1. There are two completely seperate surveys that the BLS conducts to derive these figures. The unemployment rate is derived from the household survey and attempts to sample the amount of people entering/leaving jobs and the labor force. The establishment survey is where you get the payroll figures and it is a sample of the people being added to or taken away from the payrolls of businesses. These surveys have very different ways and methods of measuring the labor markets and can often diverge. One example would be that employment at start-ups would typically be picked up in the household survey before the establishment survey. You can find out more here: http://www.bls.gov/news.release/empsit.nr0.htm1b. Alternate private sector surveys are conducted by Gallup and ADP, among others, that can provide a reasonable check to the data published by the BLS.

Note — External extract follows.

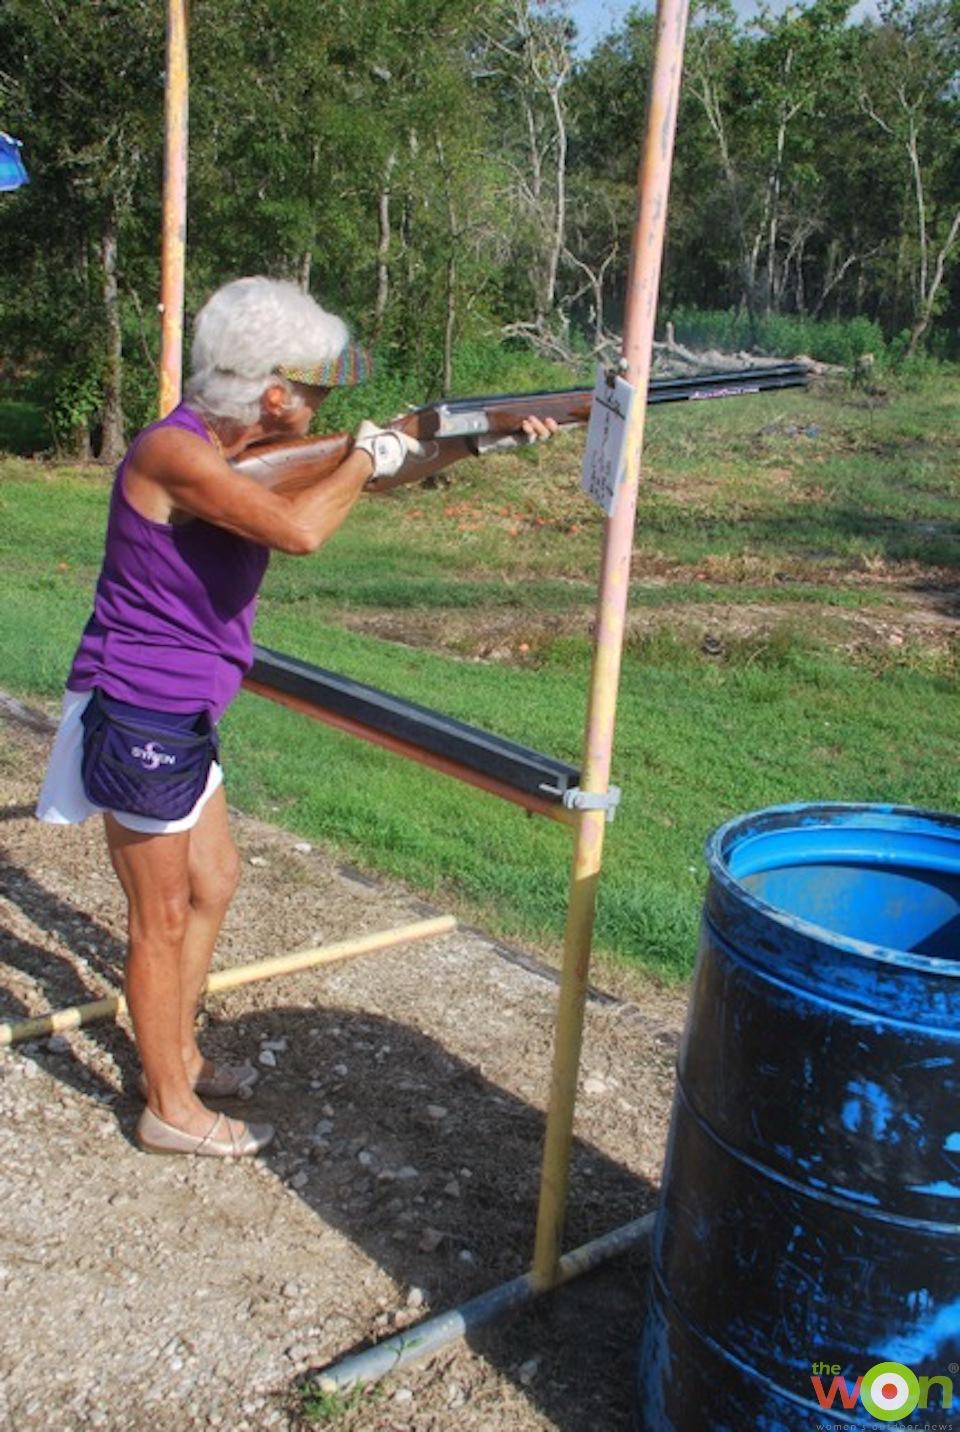 BGarney shooting2 Barbara Garney

2. A falling unemployment rate will (all else equal) lessen the duration of QE3 and Zero Interest Rate Policy.

 
Last edited by a moderator:
You never believe Obama has anything to do with anything. :wall:
To be fair, if you were to list every problem we face followed by the commnet "the President doesn't have anything to do with that" you'd be right more often than if you followed every problem with "it's all the President's fault" :shrug:
 
Here is a very specific reason why the re-election of Barack Obama will lead to an almost immediate increase in job losses: under the agreement reached last summer, if no further bipartisan agreement is reached, there will be, for the first time, significant cuts to defense spending. This means existing projects will be closed down or reduced, and base closures as well. Keep in mind that, in many communities, these projects and bases not only provide jobs directly, but also help to support the private economy.

I can pretty much guarantee that if Obama wins, there will be no bipartisan agreement, and these cuts will go into effect. That's not entirely his fault: IMO, it is much more the fault of Republican intransigence. But that doesn't change the reality of the situation. It also doesn't mean for sure that a Romney presidency will be able to avoid the coming impasse. But I believe his chances of doing so are higher.
I think you're wrong here. If Obama wins, it will send a crystal clear message to the Repubs that this strategy of refusal to play doesn't work with the voters.Plus, these deadline issues always get resolved, no matter how poorly, before the catastrophic deadline is reached. No one wins if we go off the fiscal cliff, and they will undoubtedly find a way to just kick the can down the road a bit further.